WHAT THE EXERCISE ASKS: Every line from the one containing "Systems and apparatus" to the one containing "Neon Party Supplies" in the records below, both included, must be set down exactly, and no other line.

MATERIAL FOR THE TASK:

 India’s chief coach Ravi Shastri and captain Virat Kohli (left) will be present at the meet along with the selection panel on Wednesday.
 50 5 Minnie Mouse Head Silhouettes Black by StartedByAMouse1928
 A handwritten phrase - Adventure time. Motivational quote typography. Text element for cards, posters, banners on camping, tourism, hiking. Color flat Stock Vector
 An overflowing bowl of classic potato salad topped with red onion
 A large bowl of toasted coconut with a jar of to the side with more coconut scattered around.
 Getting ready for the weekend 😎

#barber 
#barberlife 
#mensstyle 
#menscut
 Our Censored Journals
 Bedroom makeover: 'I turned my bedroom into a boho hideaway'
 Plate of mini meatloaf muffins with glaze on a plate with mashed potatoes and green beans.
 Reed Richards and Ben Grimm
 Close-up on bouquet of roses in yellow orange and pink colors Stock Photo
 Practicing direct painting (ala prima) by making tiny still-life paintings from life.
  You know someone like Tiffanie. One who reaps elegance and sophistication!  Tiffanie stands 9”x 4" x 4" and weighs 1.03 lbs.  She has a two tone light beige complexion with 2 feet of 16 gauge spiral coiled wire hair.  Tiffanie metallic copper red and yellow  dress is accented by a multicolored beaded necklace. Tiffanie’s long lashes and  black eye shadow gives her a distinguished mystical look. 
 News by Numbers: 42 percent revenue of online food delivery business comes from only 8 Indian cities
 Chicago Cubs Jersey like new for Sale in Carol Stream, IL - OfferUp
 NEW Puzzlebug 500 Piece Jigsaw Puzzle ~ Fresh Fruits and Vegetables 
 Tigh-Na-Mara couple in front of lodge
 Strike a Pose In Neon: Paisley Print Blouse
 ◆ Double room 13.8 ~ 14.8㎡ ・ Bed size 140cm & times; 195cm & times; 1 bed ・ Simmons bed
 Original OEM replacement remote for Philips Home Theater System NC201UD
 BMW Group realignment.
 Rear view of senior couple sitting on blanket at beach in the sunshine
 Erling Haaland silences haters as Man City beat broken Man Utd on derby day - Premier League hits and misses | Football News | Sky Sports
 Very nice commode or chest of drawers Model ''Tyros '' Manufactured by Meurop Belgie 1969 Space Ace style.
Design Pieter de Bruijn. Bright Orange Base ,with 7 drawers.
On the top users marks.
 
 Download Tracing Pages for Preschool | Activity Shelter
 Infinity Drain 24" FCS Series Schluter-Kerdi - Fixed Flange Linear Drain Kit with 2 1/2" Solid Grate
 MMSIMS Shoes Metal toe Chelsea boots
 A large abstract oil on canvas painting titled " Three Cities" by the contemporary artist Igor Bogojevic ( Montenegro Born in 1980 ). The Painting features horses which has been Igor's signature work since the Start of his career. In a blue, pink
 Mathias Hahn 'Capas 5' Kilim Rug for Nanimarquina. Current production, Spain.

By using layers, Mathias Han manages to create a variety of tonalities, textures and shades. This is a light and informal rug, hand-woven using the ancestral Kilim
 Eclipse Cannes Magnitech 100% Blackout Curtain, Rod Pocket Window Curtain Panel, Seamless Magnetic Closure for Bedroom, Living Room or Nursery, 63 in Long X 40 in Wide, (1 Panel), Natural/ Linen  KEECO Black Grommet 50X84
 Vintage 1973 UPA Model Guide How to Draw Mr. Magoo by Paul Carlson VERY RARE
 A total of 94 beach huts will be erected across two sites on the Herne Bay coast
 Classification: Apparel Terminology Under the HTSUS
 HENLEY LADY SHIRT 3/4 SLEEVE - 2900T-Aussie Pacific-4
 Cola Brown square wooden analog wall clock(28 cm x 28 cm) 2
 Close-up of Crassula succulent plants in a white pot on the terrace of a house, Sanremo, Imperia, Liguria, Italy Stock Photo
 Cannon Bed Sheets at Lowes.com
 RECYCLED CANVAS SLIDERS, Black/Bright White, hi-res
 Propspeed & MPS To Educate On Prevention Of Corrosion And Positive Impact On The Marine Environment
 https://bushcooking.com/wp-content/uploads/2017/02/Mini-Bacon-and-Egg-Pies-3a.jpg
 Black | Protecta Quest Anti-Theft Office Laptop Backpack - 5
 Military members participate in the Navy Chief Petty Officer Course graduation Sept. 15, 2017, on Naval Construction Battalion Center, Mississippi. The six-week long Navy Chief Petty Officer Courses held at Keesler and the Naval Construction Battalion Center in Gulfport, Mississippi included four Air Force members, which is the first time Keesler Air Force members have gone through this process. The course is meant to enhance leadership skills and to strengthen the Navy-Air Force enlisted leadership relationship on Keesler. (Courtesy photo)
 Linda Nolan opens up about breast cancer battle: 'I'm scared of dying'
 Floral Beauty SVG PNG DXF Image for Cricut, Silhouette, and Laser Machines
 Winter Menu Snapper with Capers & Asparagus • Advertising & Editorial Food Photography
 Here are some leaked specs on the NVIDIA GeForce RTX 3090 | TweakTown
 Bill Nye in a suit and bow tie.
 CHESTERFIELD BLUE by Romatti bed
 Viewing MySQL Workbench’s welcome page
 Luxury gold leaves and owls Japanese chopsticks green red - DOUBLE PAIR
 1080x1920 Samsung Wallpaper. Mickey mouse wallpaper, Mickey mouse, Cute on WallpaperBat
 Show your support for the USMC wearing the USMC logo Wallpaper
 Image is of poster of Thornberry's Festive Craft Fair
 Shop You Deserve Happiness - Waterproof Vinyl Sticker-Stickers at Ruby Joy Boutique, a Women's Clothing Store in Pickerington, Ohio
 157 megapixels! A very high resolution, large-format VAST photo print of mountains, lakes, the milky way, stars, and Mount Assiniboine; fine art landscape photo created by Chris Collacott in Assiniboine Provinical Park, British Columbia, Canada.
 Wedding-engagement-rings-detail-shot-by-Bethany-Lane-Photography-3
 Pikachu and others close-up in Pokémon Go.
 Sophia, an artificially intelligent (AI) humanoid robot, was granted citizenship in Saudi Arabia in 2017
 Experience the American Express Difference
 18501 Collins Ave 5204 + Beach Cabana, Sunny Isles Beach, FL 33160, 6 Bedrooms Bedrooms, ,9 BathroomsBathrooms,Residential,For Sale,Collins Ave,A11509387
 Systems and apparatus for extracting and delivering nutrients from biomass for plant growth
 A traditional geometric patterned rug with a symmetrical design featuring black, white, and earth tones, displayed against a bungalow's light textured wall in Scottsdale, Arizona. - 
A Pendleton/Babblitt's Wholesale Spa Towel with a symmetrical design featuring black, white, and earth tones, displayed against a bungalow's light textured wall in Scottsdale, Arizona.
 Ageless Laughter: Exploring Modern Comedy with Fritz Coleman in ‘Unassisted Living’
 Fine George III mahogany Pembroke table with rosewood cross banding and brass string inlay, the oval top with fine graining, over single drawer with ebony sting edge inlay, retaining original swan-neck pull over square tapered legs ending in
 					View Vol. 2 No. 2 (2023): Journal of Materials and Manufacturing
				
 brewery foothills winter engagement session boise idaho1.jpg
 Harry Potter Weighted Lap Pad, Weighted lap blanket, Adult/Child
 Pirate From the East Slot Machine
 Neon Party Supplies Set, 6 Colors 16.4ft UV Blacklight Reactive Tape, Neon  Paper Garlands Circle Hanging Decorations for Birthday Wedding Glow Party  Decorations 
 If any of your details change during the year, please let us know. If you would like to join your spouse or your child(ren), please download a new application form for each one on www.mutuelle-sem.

RESULT OF THIS TASK:
 Systems and apparatus for extracting and delivering nutrients from biomass for plant growth
 A traditional geometric patterned rug with a symmetrical design featuring black, white, and earth tones, displayed against a bungalow's light textured wall in Scottsdale, Arizona. - 
A Pendleton/Babblitt's Wholesale Spa Towel with a symmetrical design featuring black, white, and earth tones, displayed against a bungalow's light textured wall in Scottsdale, Arizona.
 Ageless Laughter: Exploring Modern Comedy with Fritz Coleman in ‘Unassisted Living’
 Fine George III mahogany Pembroke table with rosewood cross banding and brass string inlay, the oval top with fine graining, over single drawer with ebony sting edge inlay, retaining original swan-neck pull over square tapered legs ending in
 					View Vol. 2 No. 2 (2023): Journal of Materials and Manufacturing
				
 brewery foothills winter engagement session boise idaho1.jpg
 Harry Potter Weighted Lap Pad, Weighted lap blanket, Adult/Child
 Pirate From the East Slot Machine
 Neon Party Supplies Set, 6 Colors 16.4ft UV Blacklight Reactive Tape, Neon  Paper Garlands Circle Hanging Decorations for Birthday Wedding Glow Party  Decorations 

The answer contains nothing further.